#### Task material
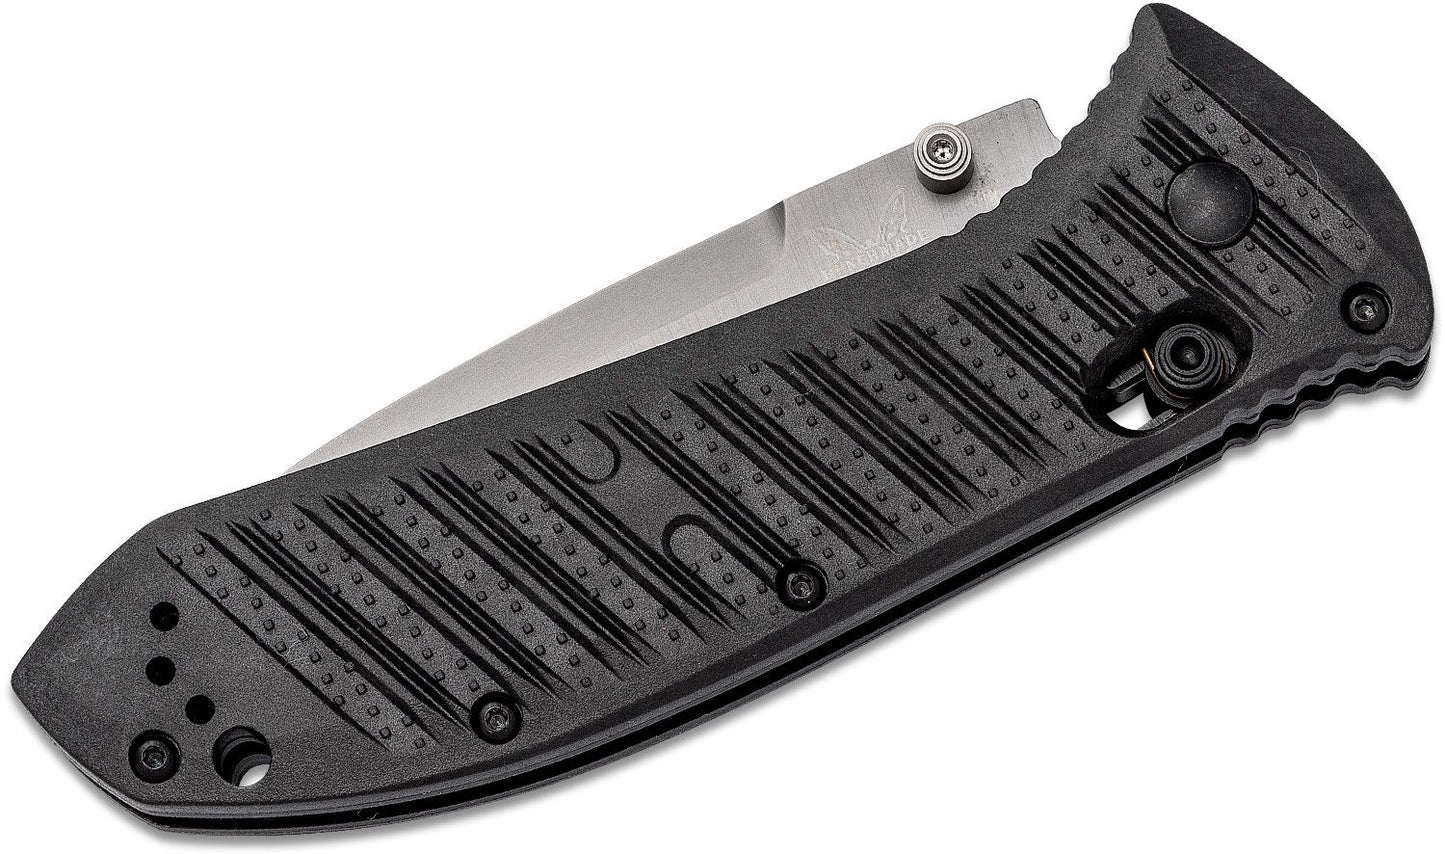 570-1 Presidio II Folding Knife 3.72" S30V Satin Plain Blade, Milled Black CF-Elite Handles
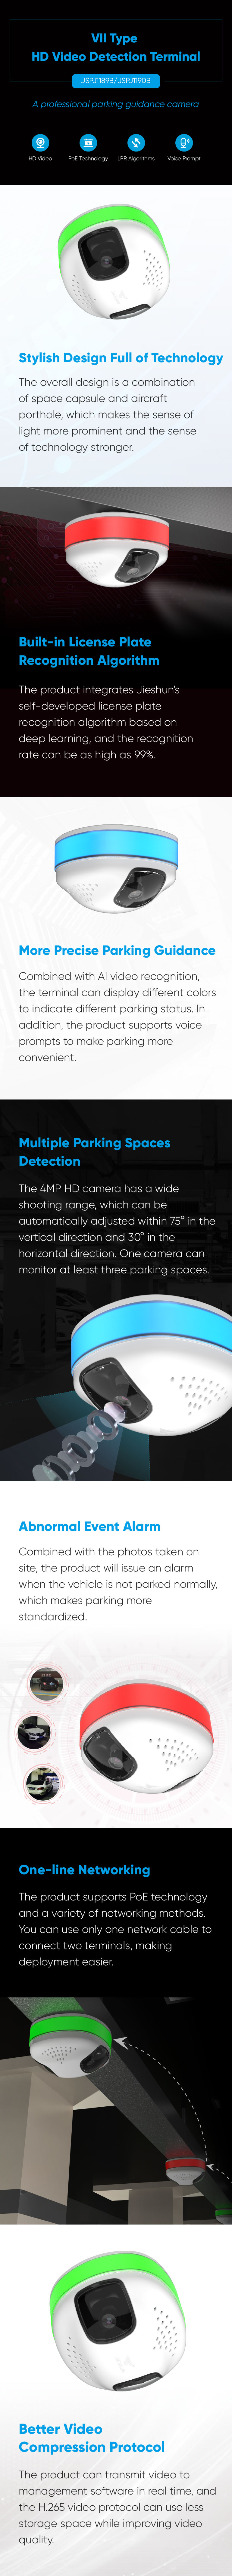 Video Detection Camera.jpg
########
#### Task material
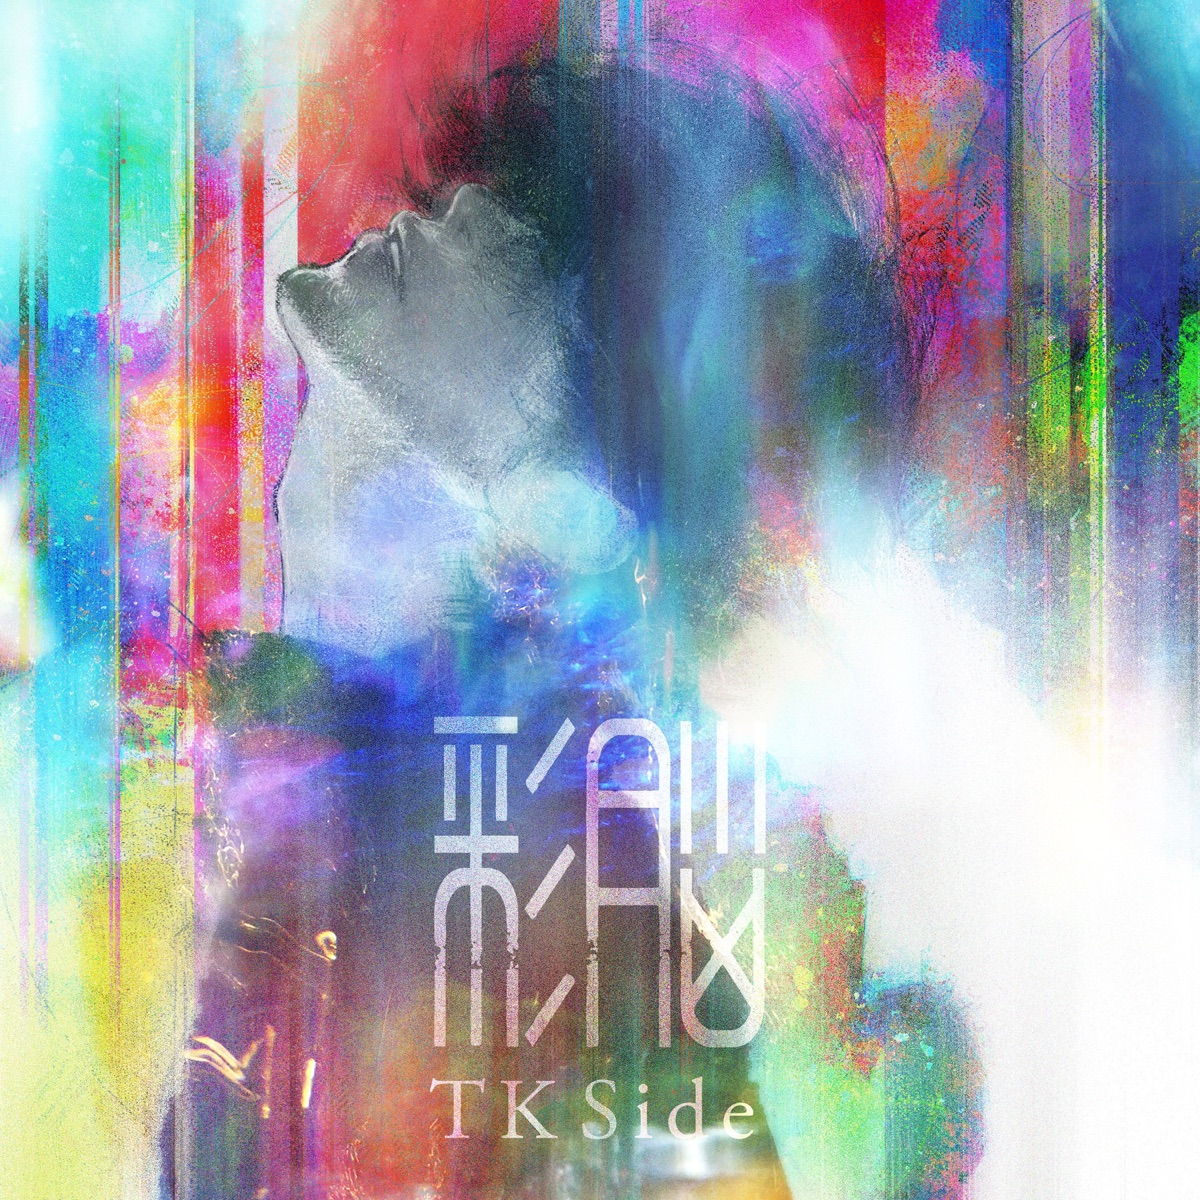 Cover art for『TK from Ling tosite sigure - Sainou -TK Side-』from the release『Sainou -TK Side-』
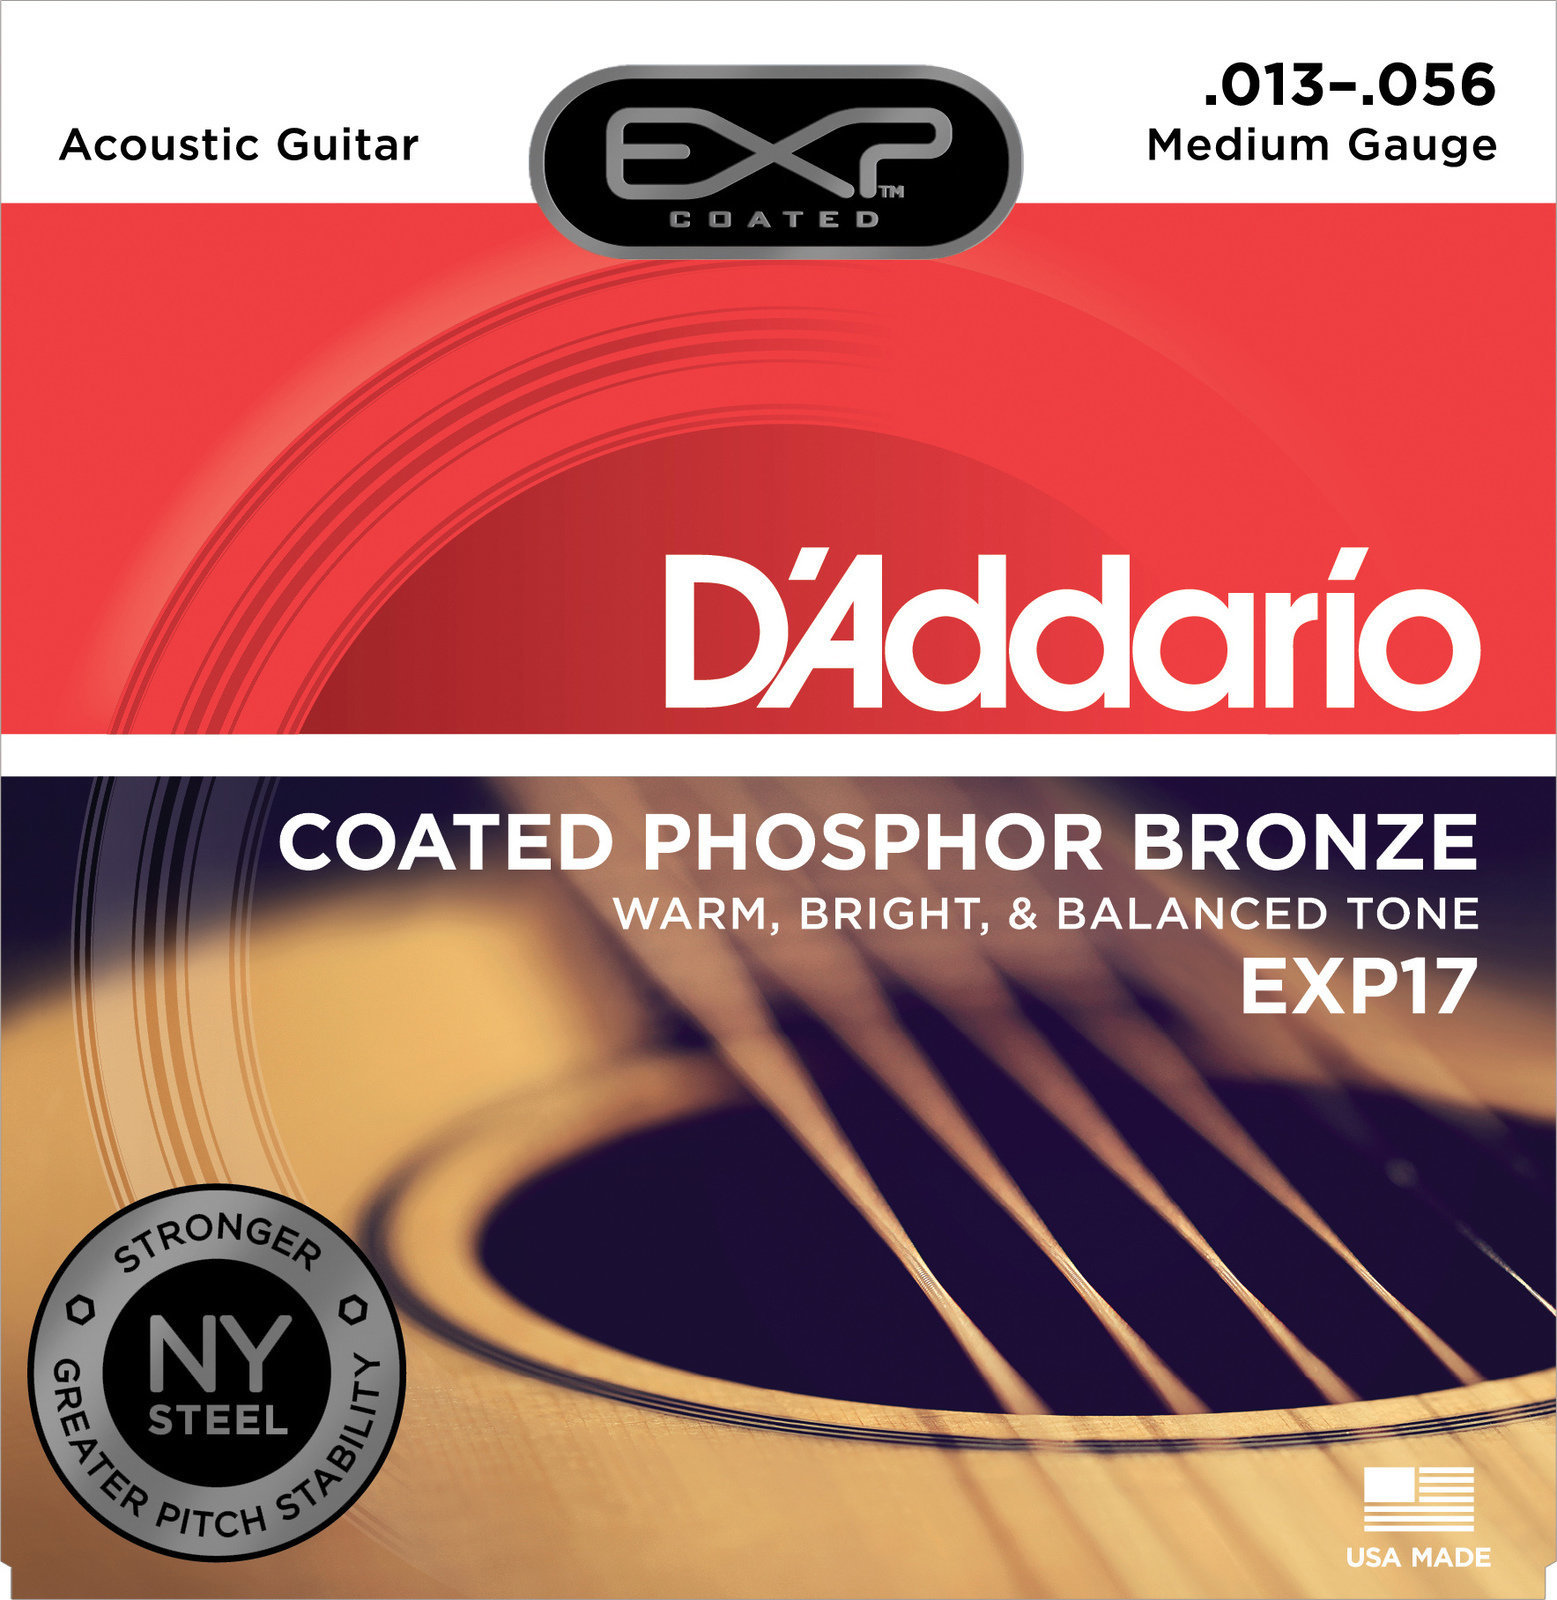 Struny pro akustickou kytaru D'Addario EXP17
########
● **What this task involves**: Would you copy out, exactly and with no pictures, only the lines above from the one that contains "570-1 Presidio II" through the one that contains "Video Detection Camera.jpg"?

● **Task output**:
 570-1 Presidio II Folding Knife 3.72" S30V Satin Plain Blade, Milled Black CF-Elite Handles
 Video Detection Camera.jpg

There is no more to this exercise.